*Problem statement:* Return each line of the listing exactly, though without its images.

*Dataset excerpt:*
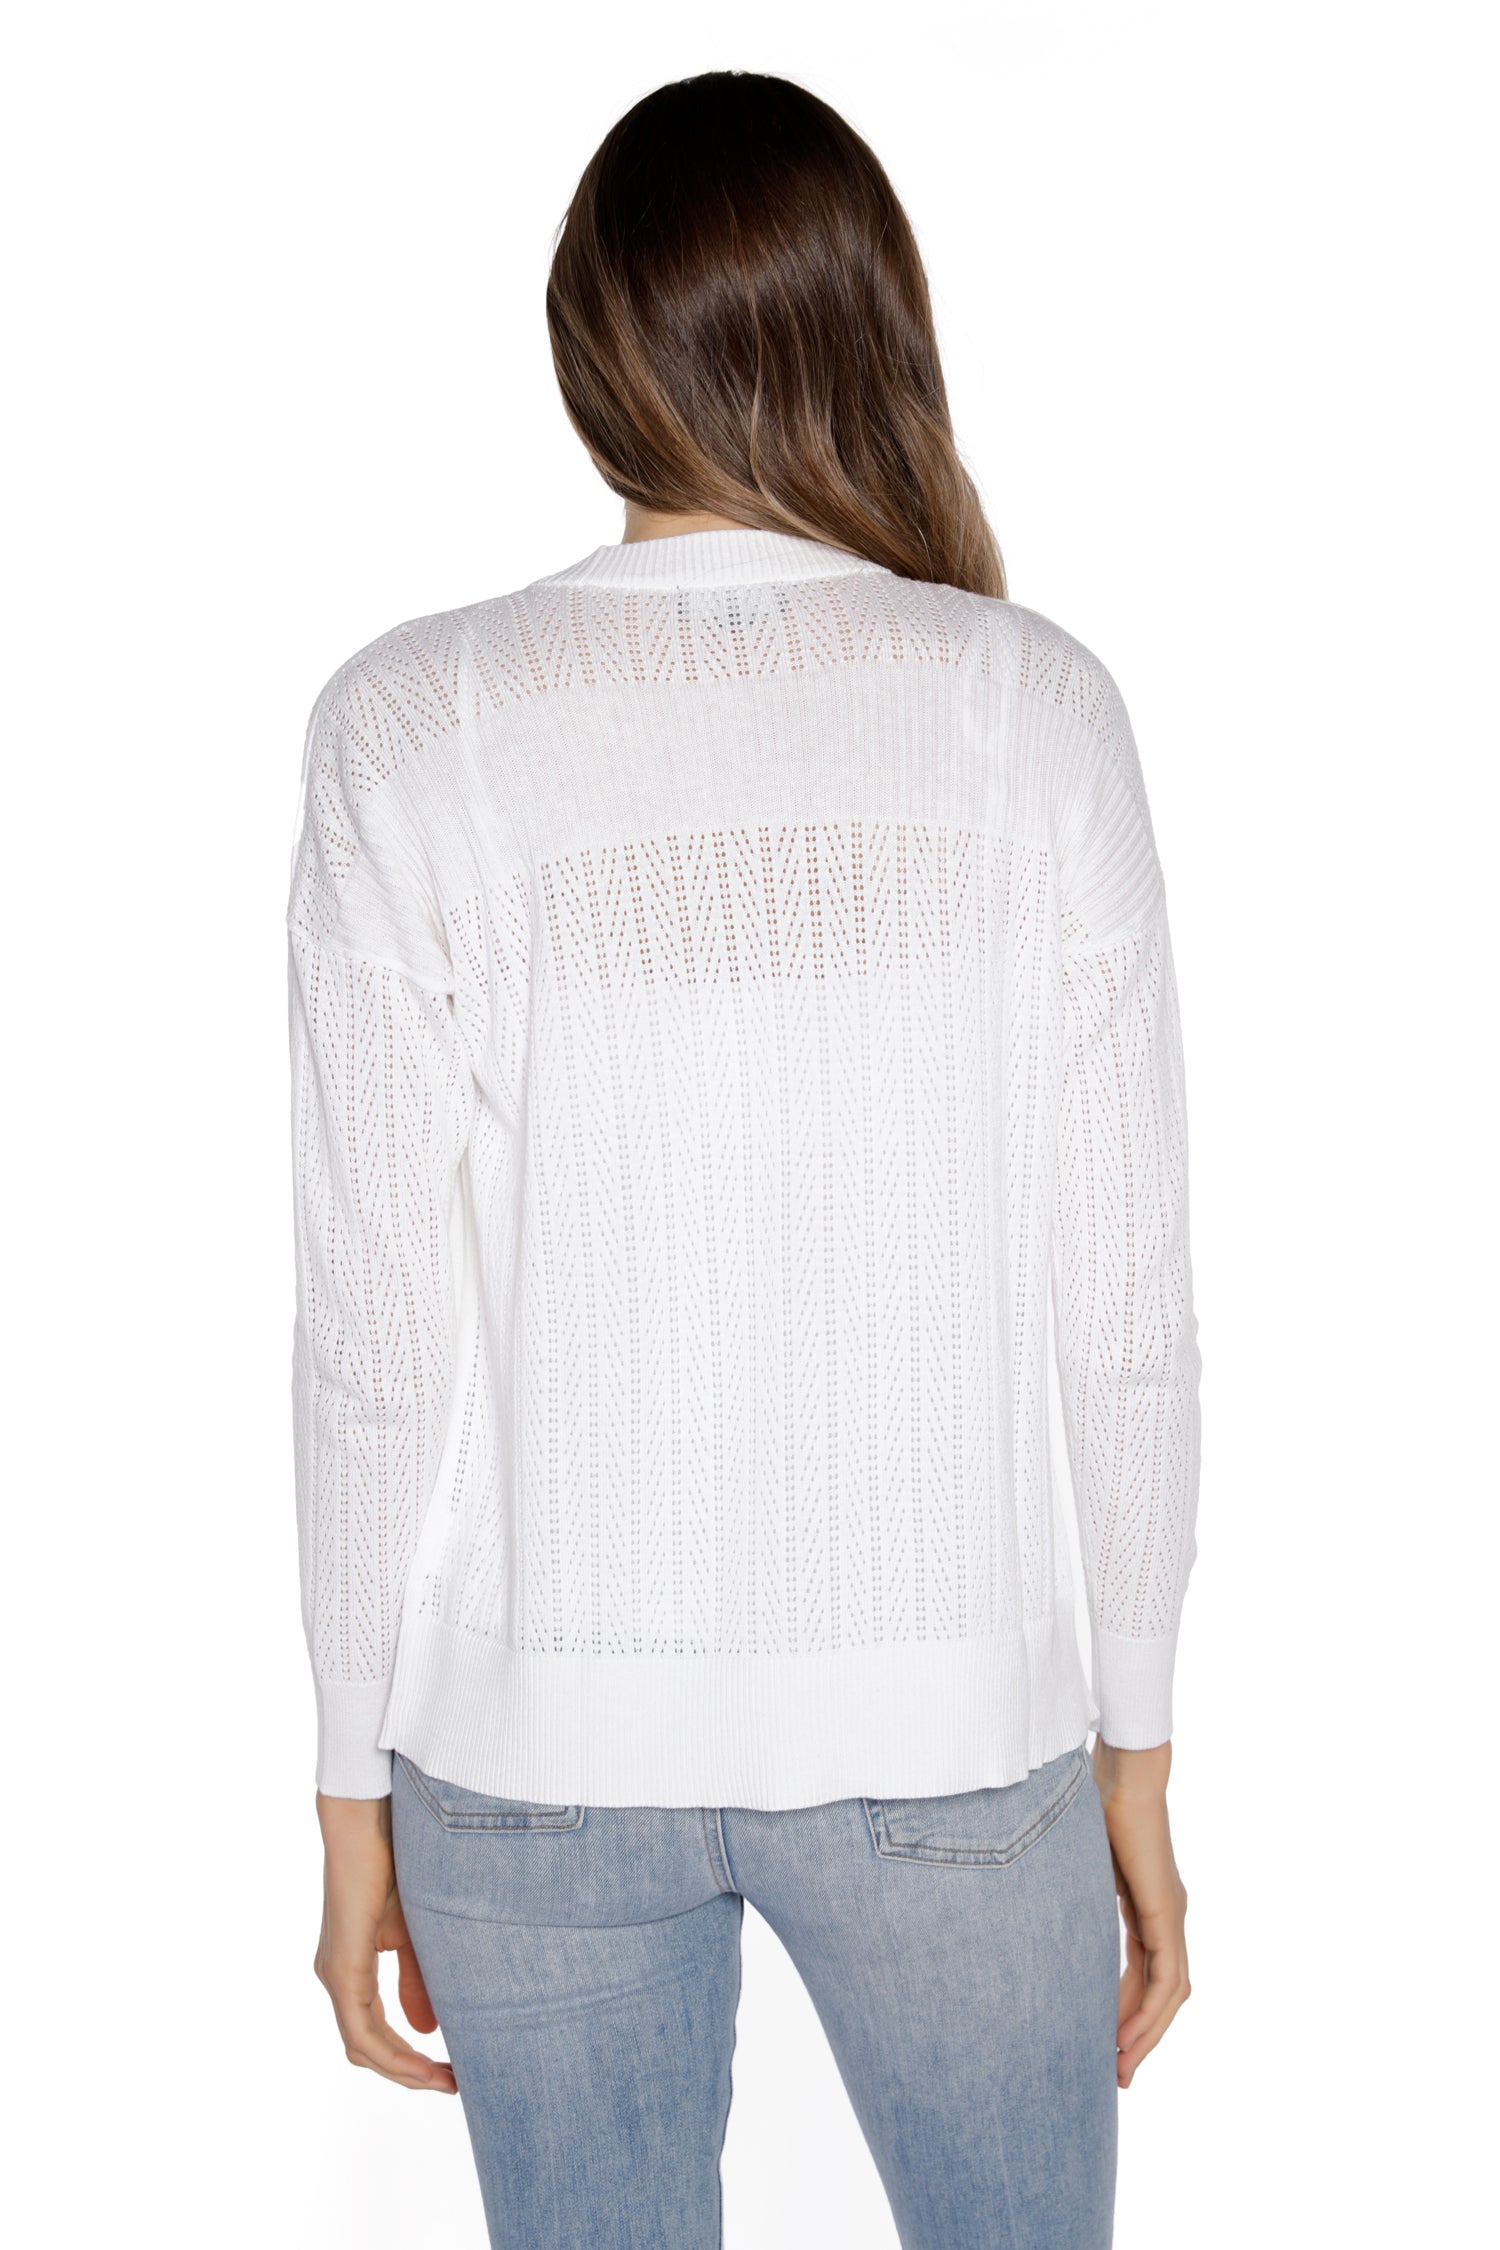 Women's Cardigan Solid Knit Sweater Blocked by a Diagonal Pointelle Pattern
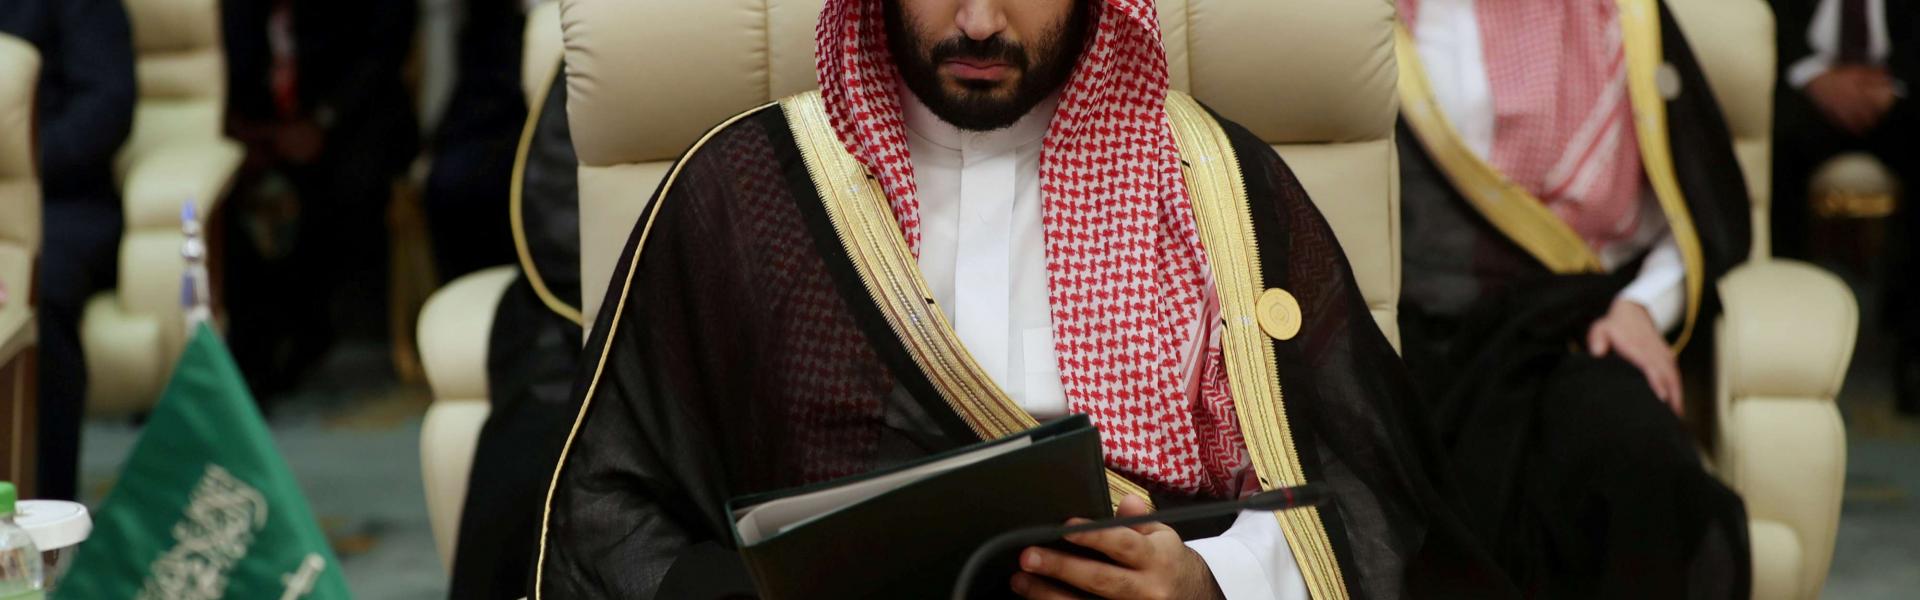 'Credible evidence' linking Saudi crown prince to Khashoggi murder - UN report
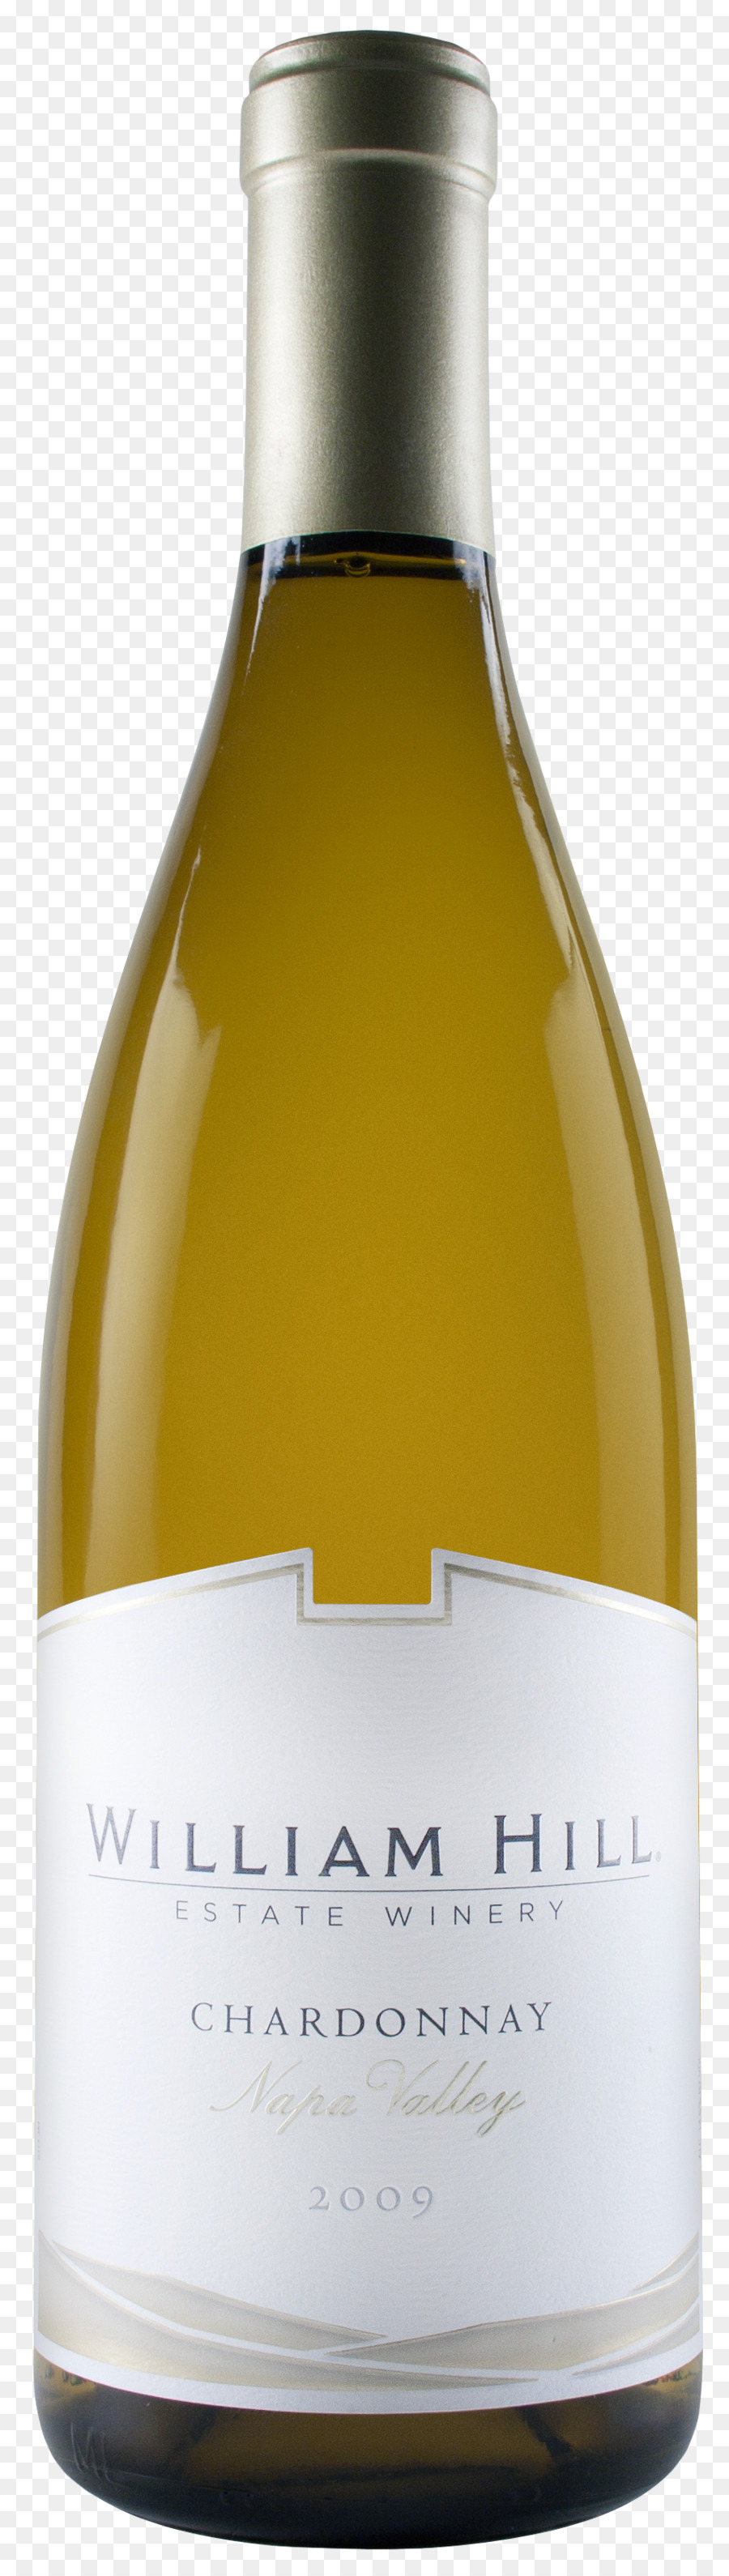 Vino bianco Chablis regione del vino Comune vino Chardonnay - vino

*Solution to the exercise:*
 Women's Cardigan Solid Knit Sweater Blocked by a Diagonal Pointelle Pattern
 'Credible evidence' linking Saudi crown prince to Khashoggi murder - UN report
 Vino bianco Chablis regione del vino Comune vino Chardonnay - vino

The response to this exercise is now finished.